• Task goal
Look below for the line containing "Mediterranean villa, garden". Write out that line and the rest through the last one, exactly as they appear, but without pictures.

• Dataset excerpt
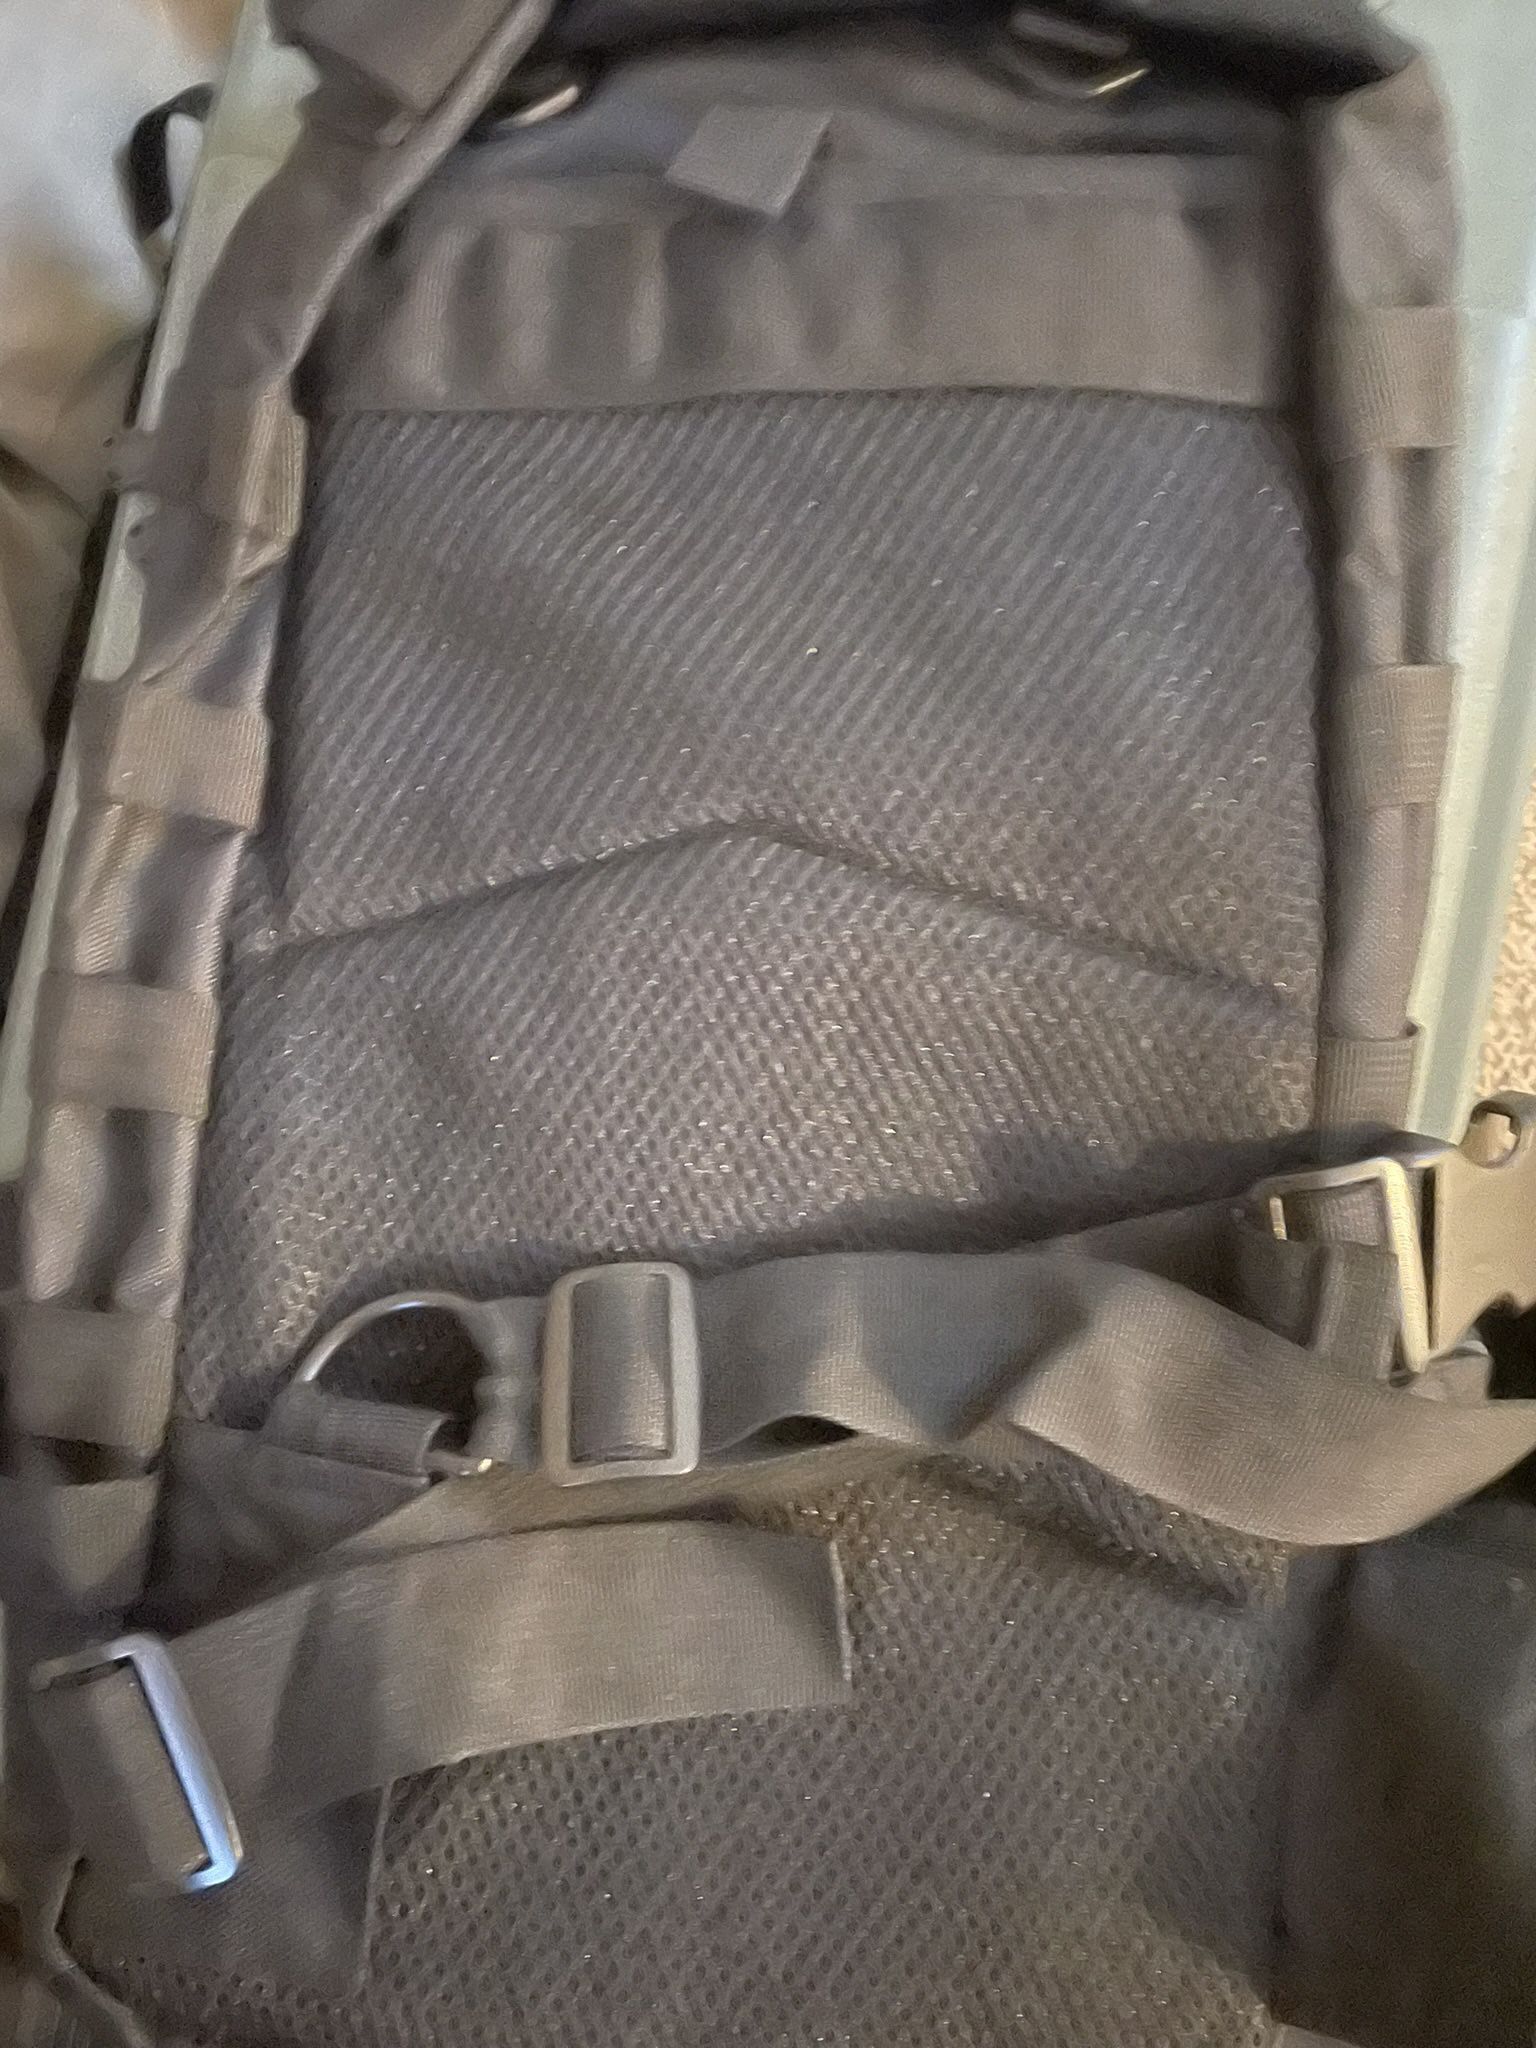 Black military grade backpack 
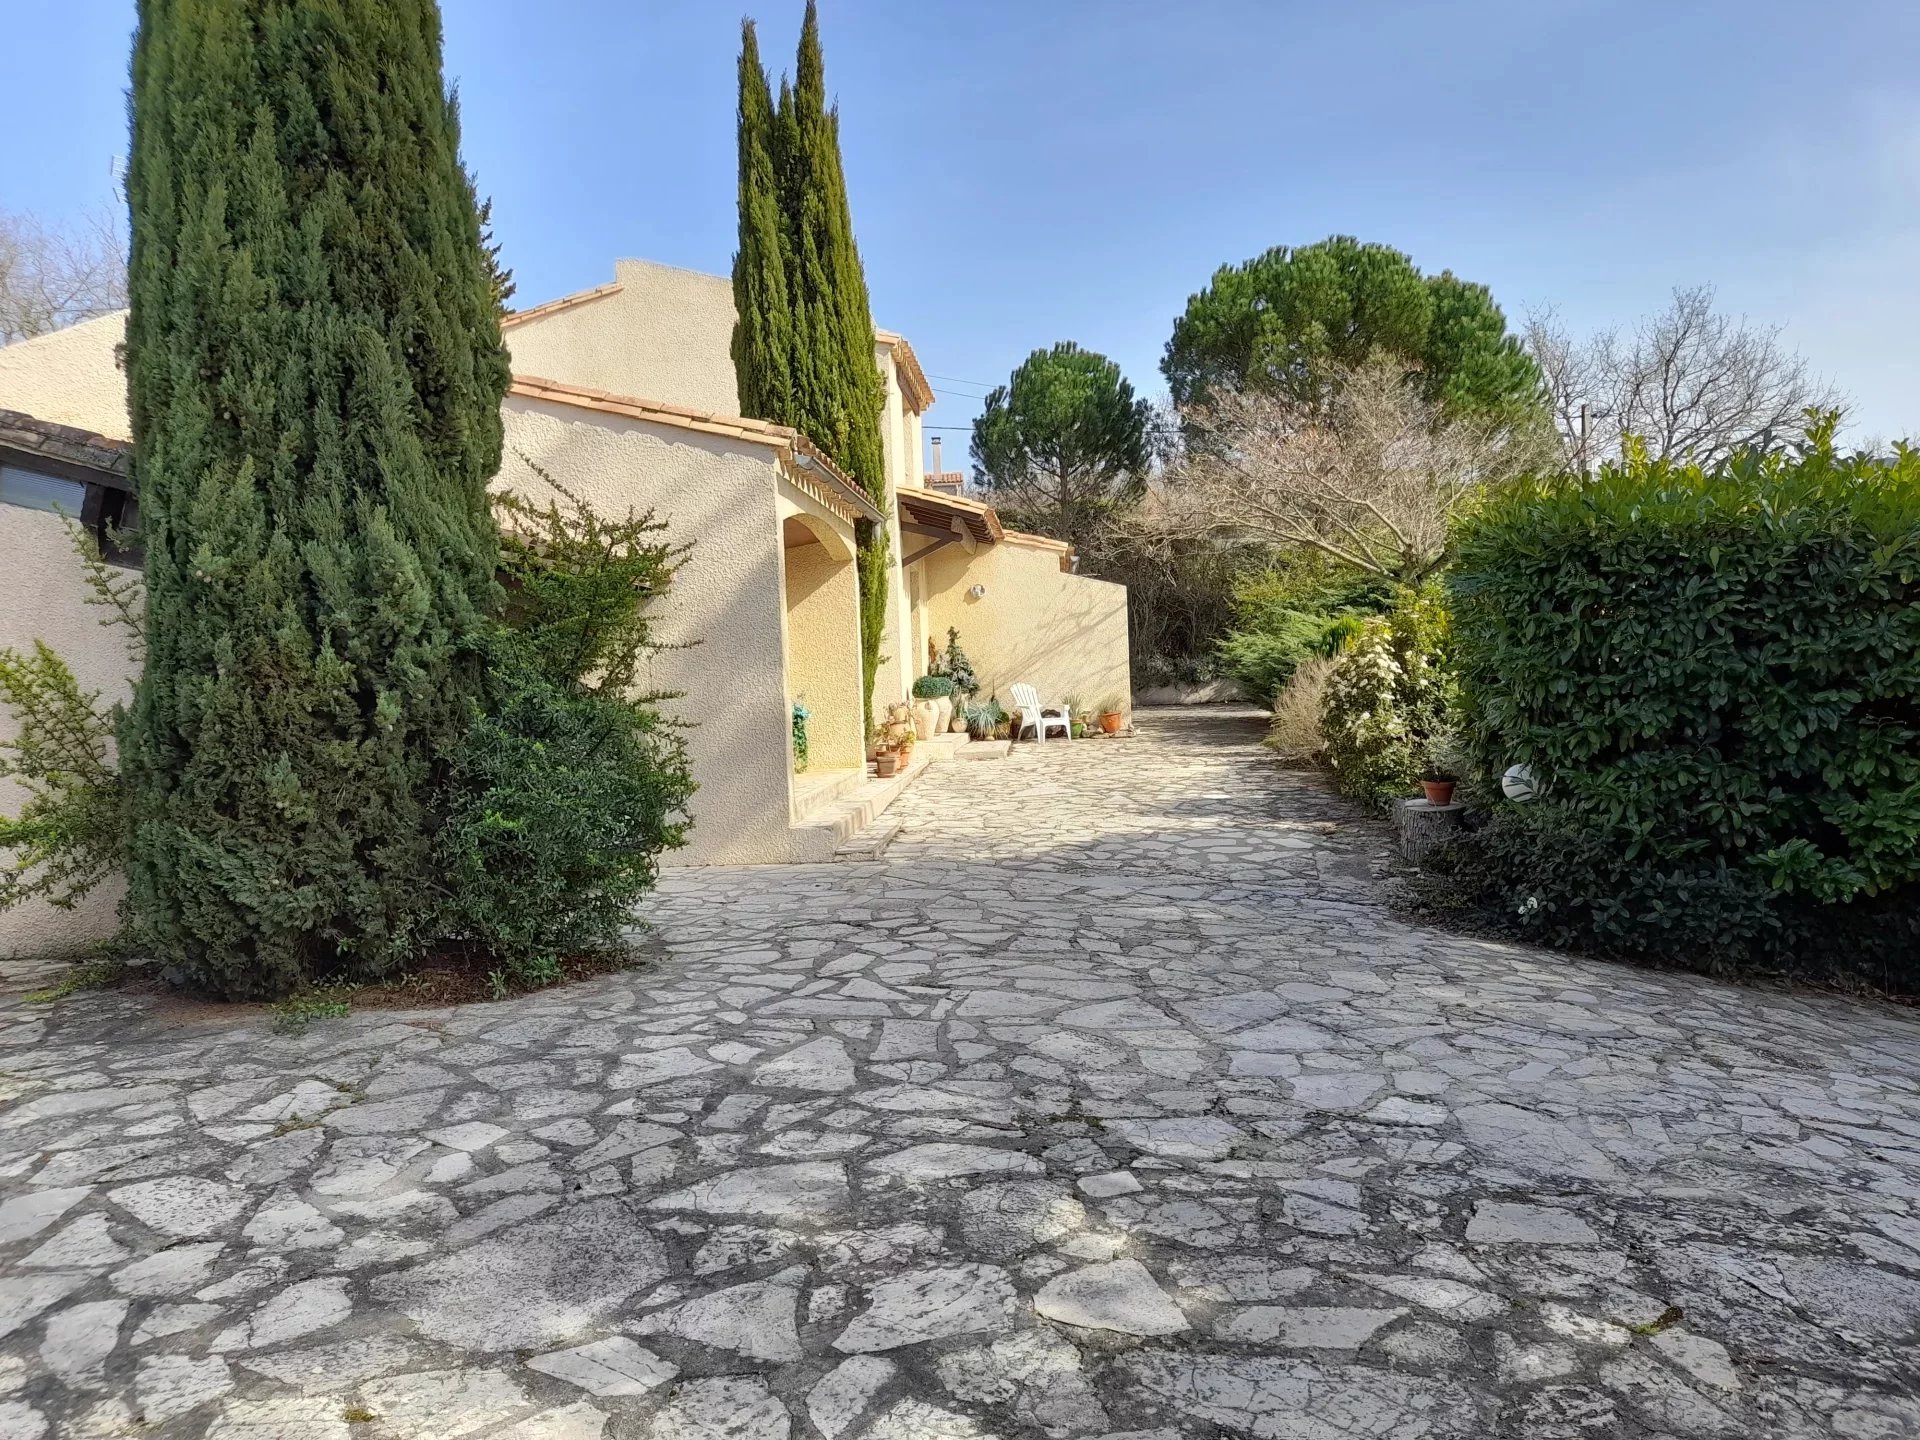 Mediterranean villa, garden and commanding views
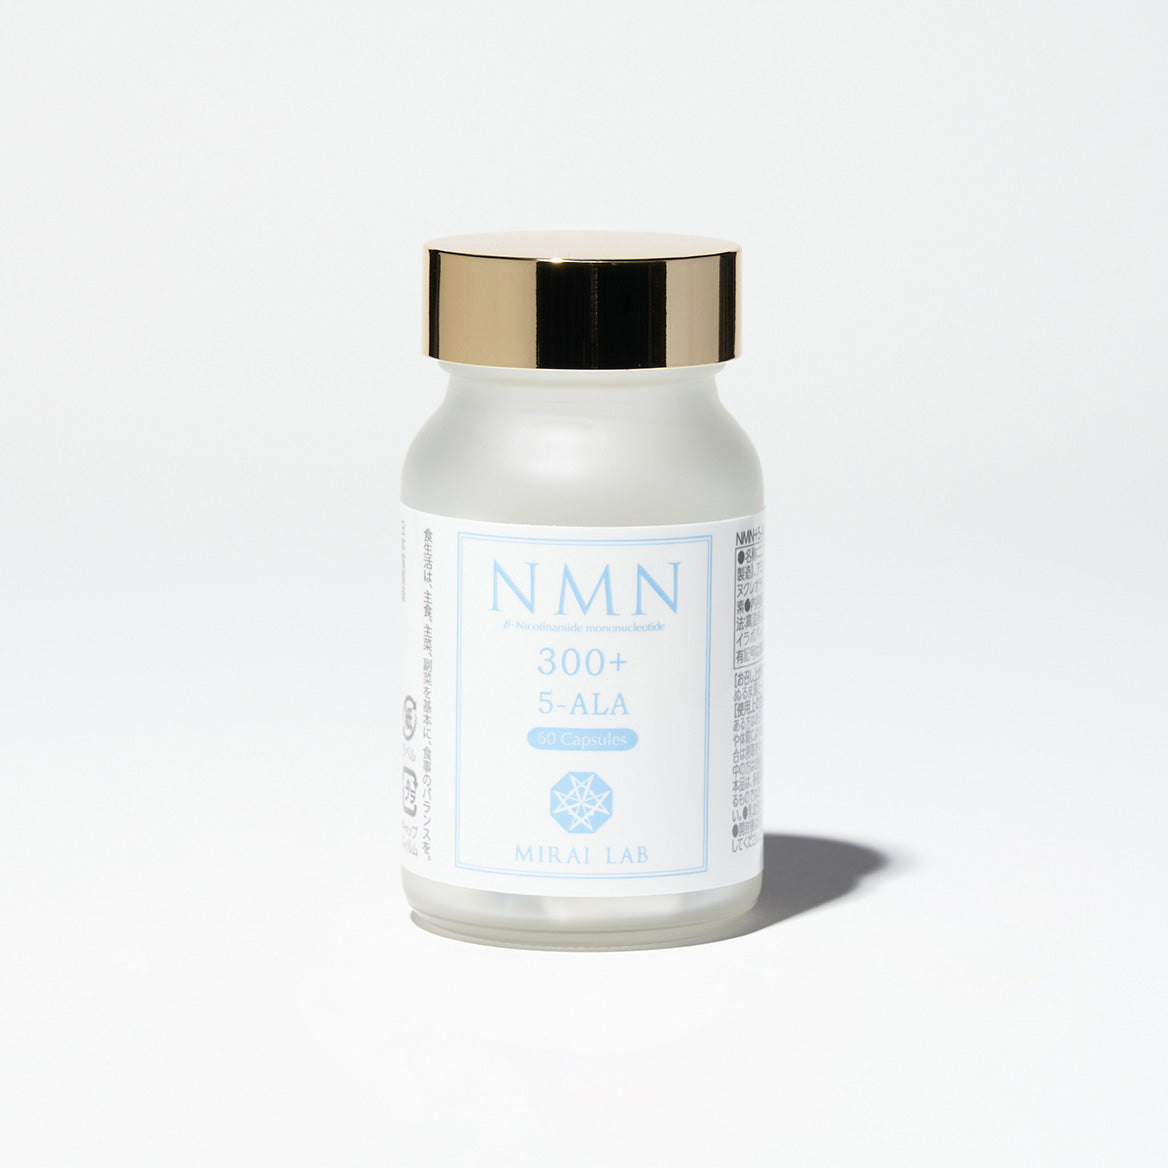 NMN + 5-ALA (60 capsules)

• Finished exercise
 Mediterranean villa, garden and commanding views
 NMN + 5-ALA (60 capsules)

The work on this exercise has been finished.